By James Gerstenzang

President Bush entered the debate over gun control Monday for the first time as president, proposing a two-year program based on stepped-up enforcement of gun laws, but no significant new restrictions on access to firearms.

The centerpiece of Bush’s plan is a proposal to spend $15 million to hire 113 additional assistant U.S. attorneys to prosecute gun charges. It is a course favored by the National Rifle Association and also supported, as a partial step, by a leading gun control group.

“If you use a gun illegally, you will do hard time,” the president said. “This nation must enforce the gun laws which exist on the books.

“We’re going to reduce gun violence in America. And those who commit crimes with guns will find a determined adversary in my administration,” he said to an audience of approximately 75 police officers.

Bush’s Project Safe Neighborhoods is intended to coordinate the work of law enforcement agencies. In addition to funding the new federal prosecutors, the $550 million program would help subsidize more state prosecutors, investigators, training and community programs.

At least half of the proposed spending requires congressional approval; the rest comes from funds allocated for law enforcement programs in the current budget.
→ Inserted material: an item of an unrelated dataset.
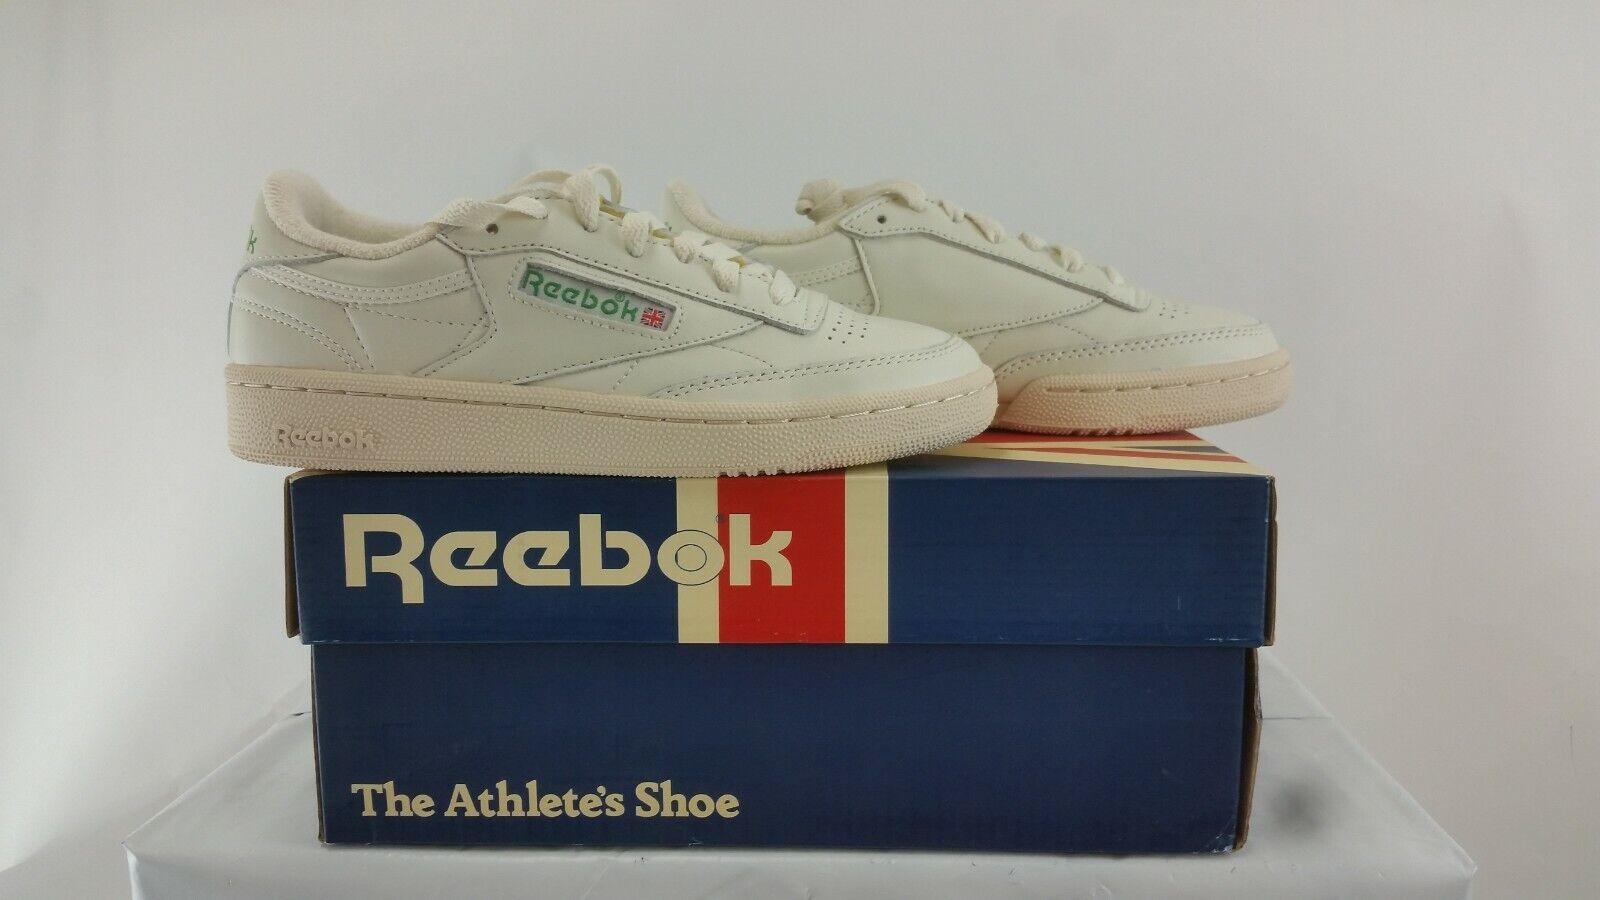 Chaise longue muestra tinción  Reebok Women's Club C 85 Diamond Fashion Sneaker 11 B(m) US White/gum for  sale online | eBay

Critics complained that the program omits steps that could prevent gun violence, such as licensing and registering handgun owners, closing legal loopholes that permit weapons purchases at gun shows without background checks, limiting handgun purchases to one per month and requiring safe storage of handguns.

The president’s speech followed a number of Mother’s Day marches that called for stricter gun regulations. A group from the Philadelphia area rang a bell throughout the morning near the Pennsylvania Convention Center where Bush spoke to commemorate the more than 300 Philadelphians killed by gunfire since Jan. 1, 2000.